When the line containing "Raffinato living chair latte with 4 cushions" appears in the entries below, begin printing there and stop after the line containing "Harriet Nelson, Ozzie"; print each of those lines exactly and no other line.

RECORD EXCERPTS:
■ ■ ■ ■

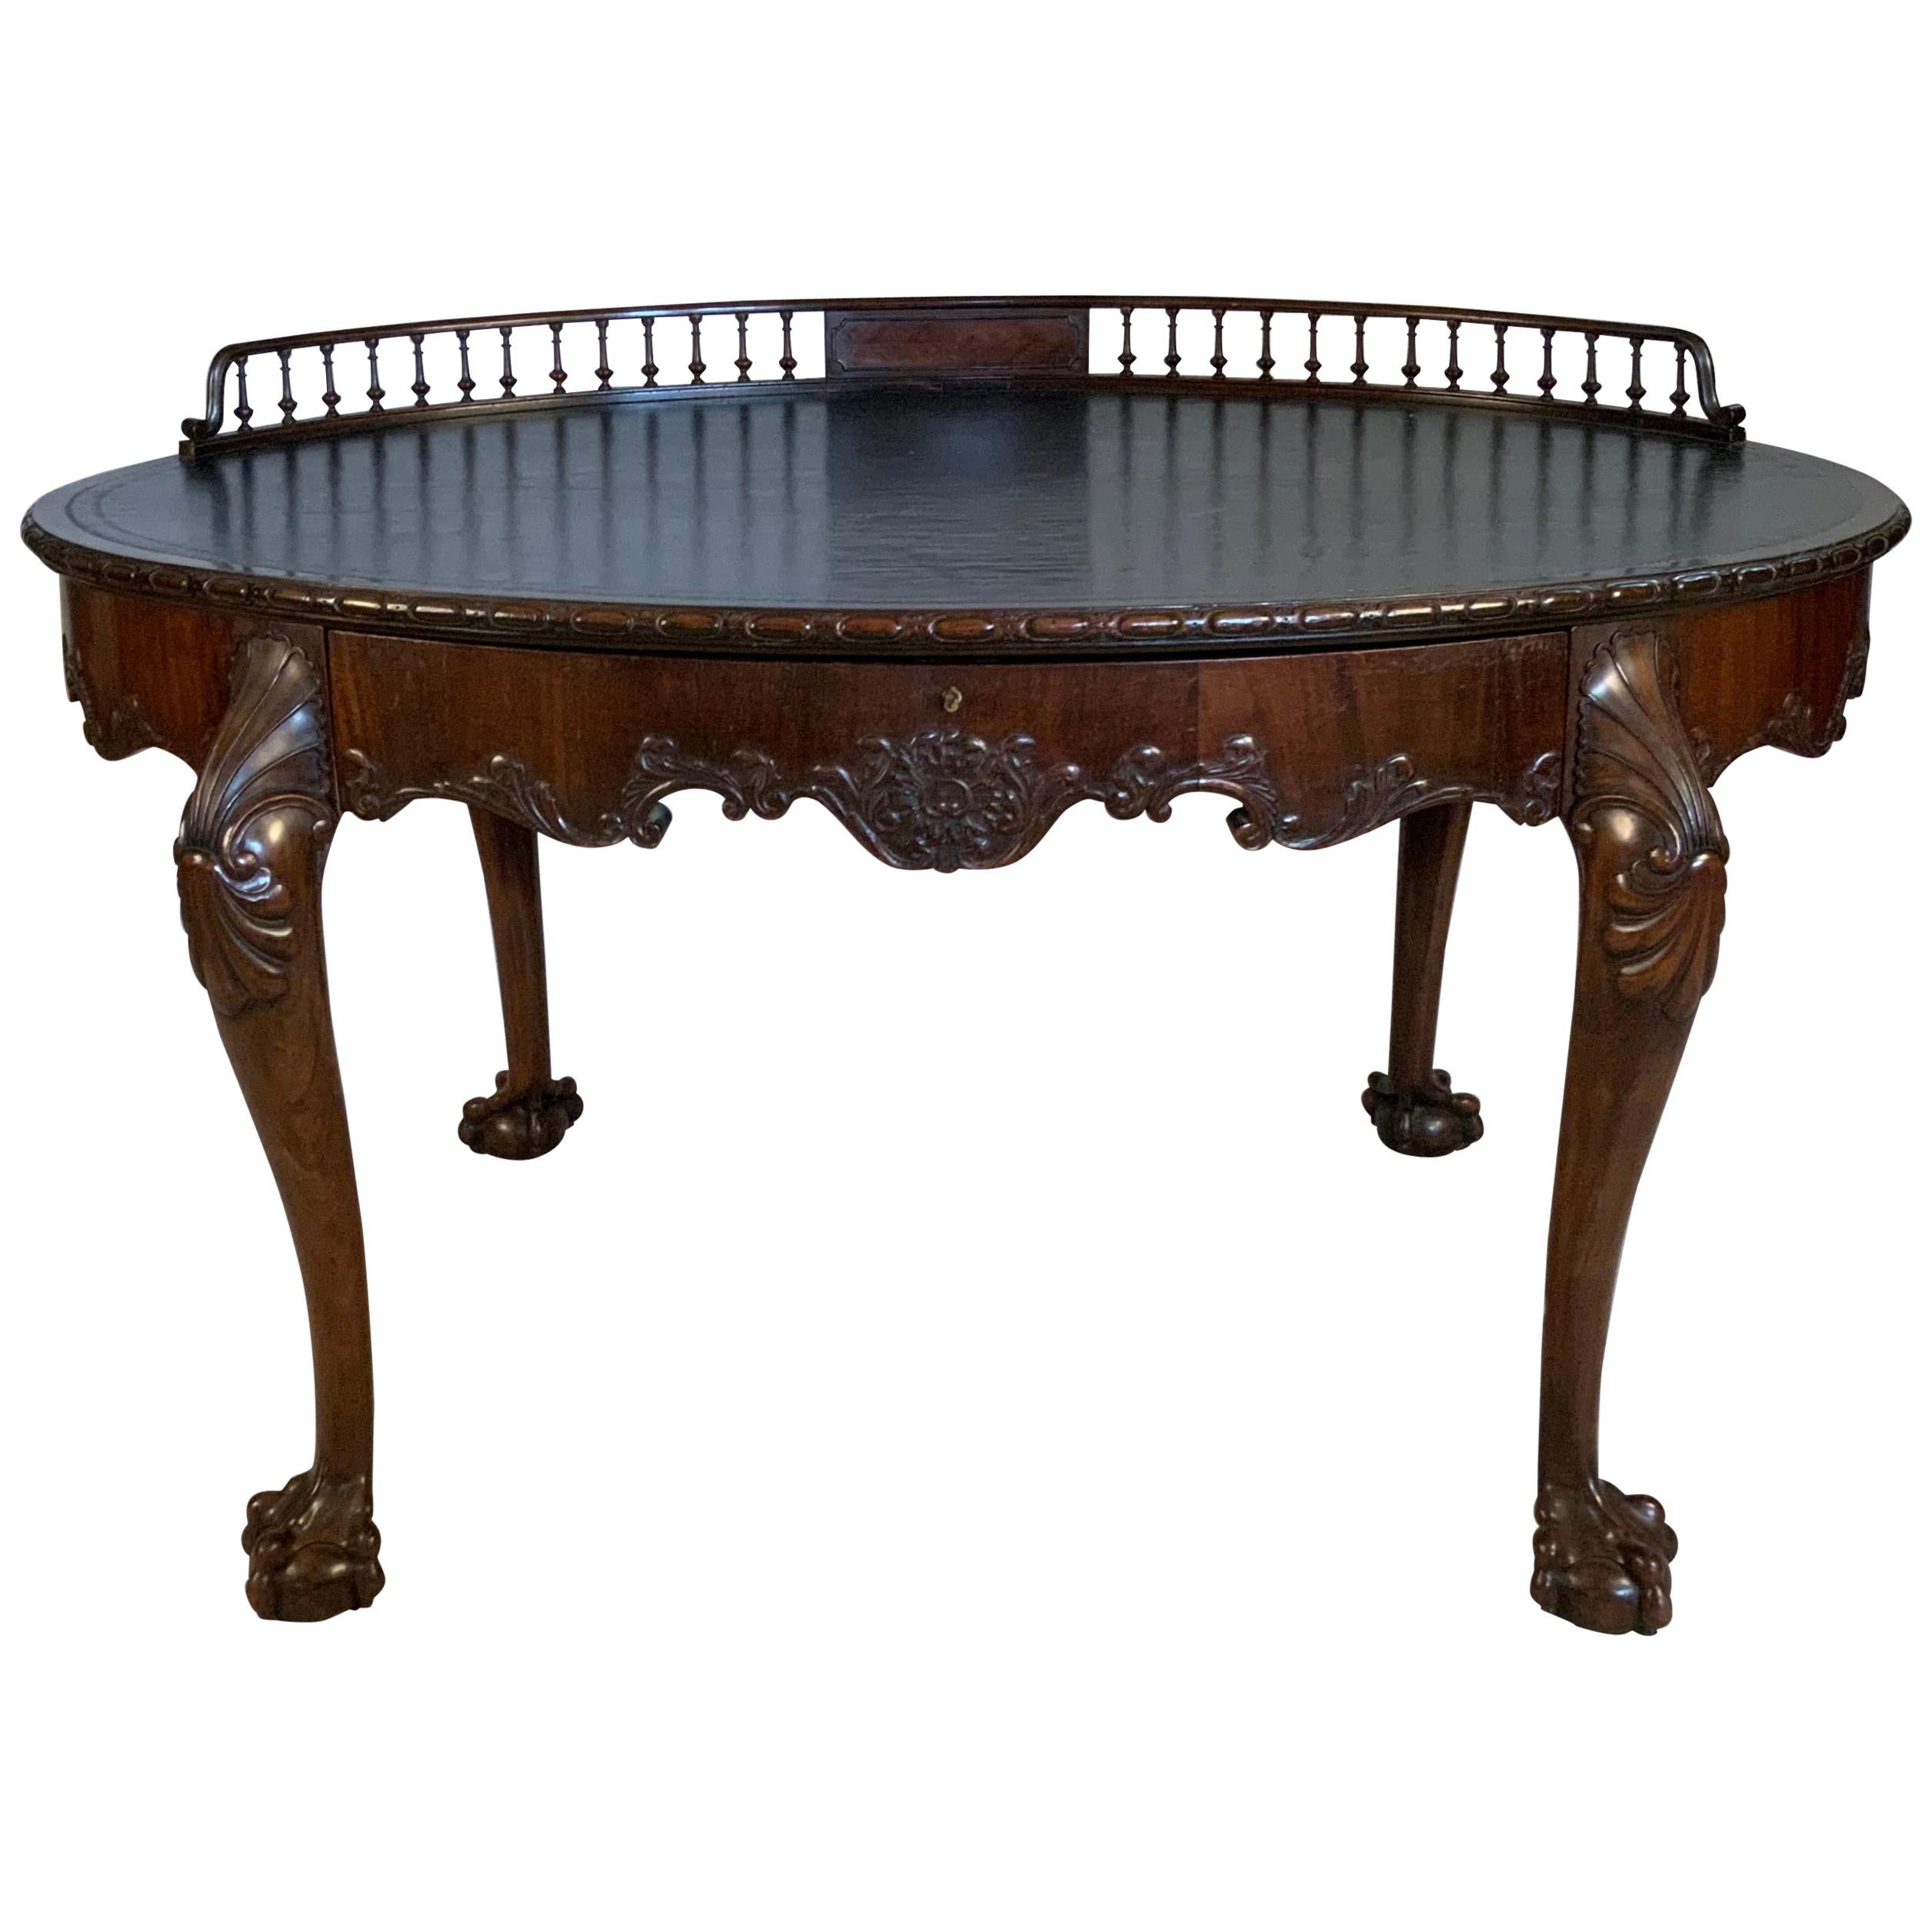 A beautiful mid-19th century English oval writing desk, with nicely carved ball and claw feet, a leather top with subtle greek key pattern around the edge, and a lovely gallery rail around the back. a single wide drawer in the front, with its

■ ■ ■ ■

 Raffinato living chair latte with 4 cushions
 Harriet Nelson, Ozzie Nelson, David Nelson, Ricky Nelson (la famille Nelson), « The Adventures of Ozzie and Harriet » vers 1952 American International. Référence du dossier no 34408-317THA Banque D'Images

■ ■ ■ ■

SOLUTION TO THE EXERCISE:
 Raffinato living chair latte with 4 cushions
 Harriet Nelson, Ozzie Nelson, David Nelson, Ricky Nelson (la famille Nelson), « The Adventures of Ozzie and Harriet » vers 1952 American International. Référence du dossier no 34408-317THA Banque D'Images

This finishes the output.